Несколько лет спустя заявилась в Петербург, конечно под чужим именем, известная Янковская, для которой отрицание семьи, собственности и государства не было только «тайным учением», а составляло предмет открытой деятельности; она имела адрес Вл. Ив. и пыталась войти с ним в сношения. По этому случаю он говорил мне: «Ну, скажите на милость, что может быть общего между мной и Янковской? Решительно не понимаю, для чего я ей нужен и почему это вздумалось направить ее ко мне».
Мих. Сем. Гулевич из-за пустяка эмигрировал; за границей временами сильно бедствовал, жил, давая уроки; 1 [Между прочим, у генерала Филипсона, бывшего попечителя во время студенческой истории 1861 г. Филипсон очень полюбил Гулевича и даже предлагал выхлопотать ему возвращение в Россию. (Прим. Л. Ф. Пантелеева)] в начале 70-х гг. в припадке нервного расстройства выбросился из окна. Говорят, что за время эмигрантской жизни его личный характер сильно изменился2 [За ним за границу последовала Мария Ардальоновна Эйнвальд (классная дама Павловского института), на которой он и женился. По смерти М. С. вдова вернулась в Россию и была где-то на юге начальницей женской гимназии. С русской эмиграцией она разошлась из-за того, что похоронила М. С. с церковным обрядом (ради дочери, как она объясняла мне). (Прим. Л. Ф. Пантелеева)].

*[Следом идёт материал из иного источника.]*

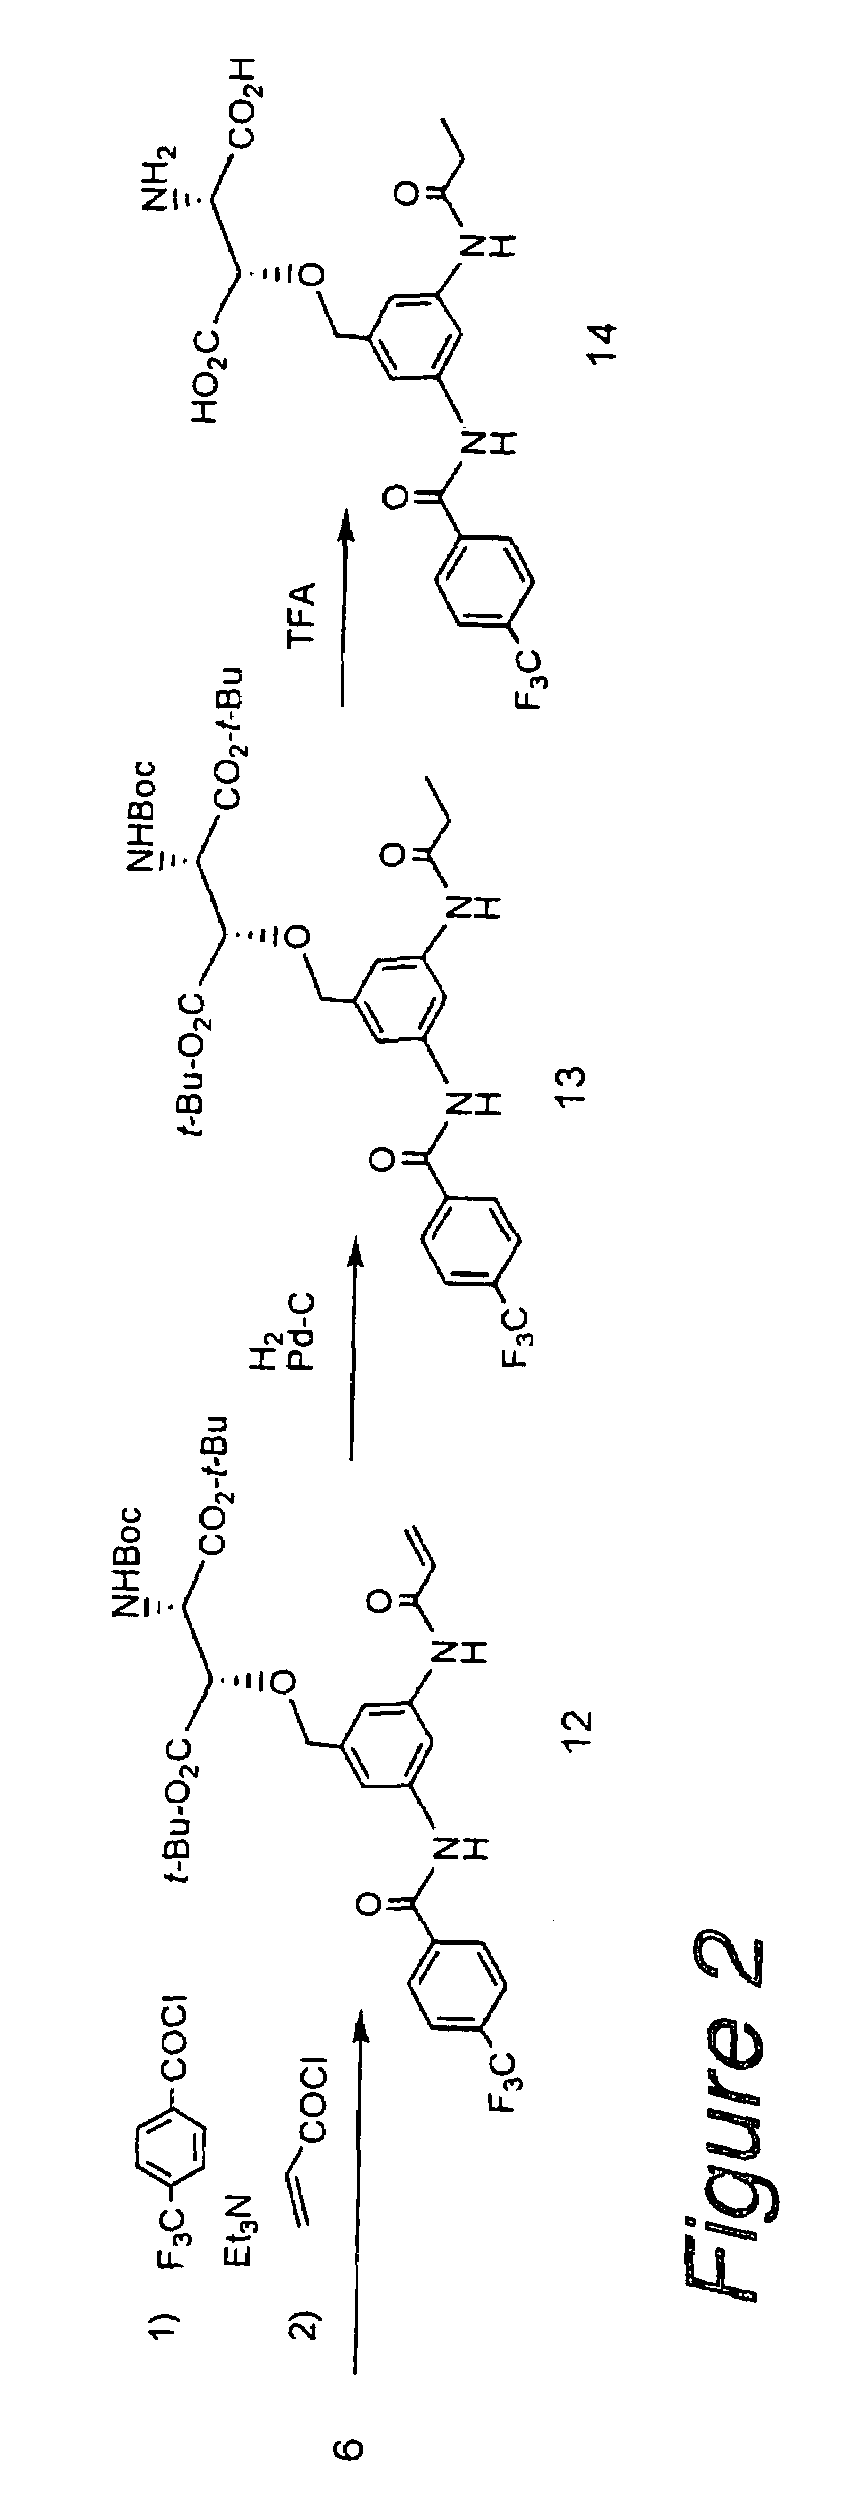 β-Benzyloxyaspartic acid derivatives having two substituents on their benzene rings

Судакевич умер (должно быть, в первой половине 90-х гг.) помощником статс-секретаря Государственного совета (перед тем был вице-директором в министерстве государственных имуществ). Кажется, в конце 1862 г. с ним был такой казус. Жил он в компании нескольких товарищей и барышень, «маленькой коммуной», как тогда говорили. Вдруг ночью налетели с обыском; всё, конечно, пересмотрели, - ничего не оказалось; оставался недосмотренным один комод; выдвинули ящик, другой - белье. «А что в нижнем?» - «Грязное белье». Ну, и не стали смотреть. А в ящике был шрифт, да к тому же в наборе, - то есть неминуемая каторга.
Судакевич уже в конце 60-х гг. даже старых товарищей круто обрывал, если они почему-нибудь касались начала этих годов. «Это все давно прошло, и нет никакой надобности вспоминать об этом», - замечал он.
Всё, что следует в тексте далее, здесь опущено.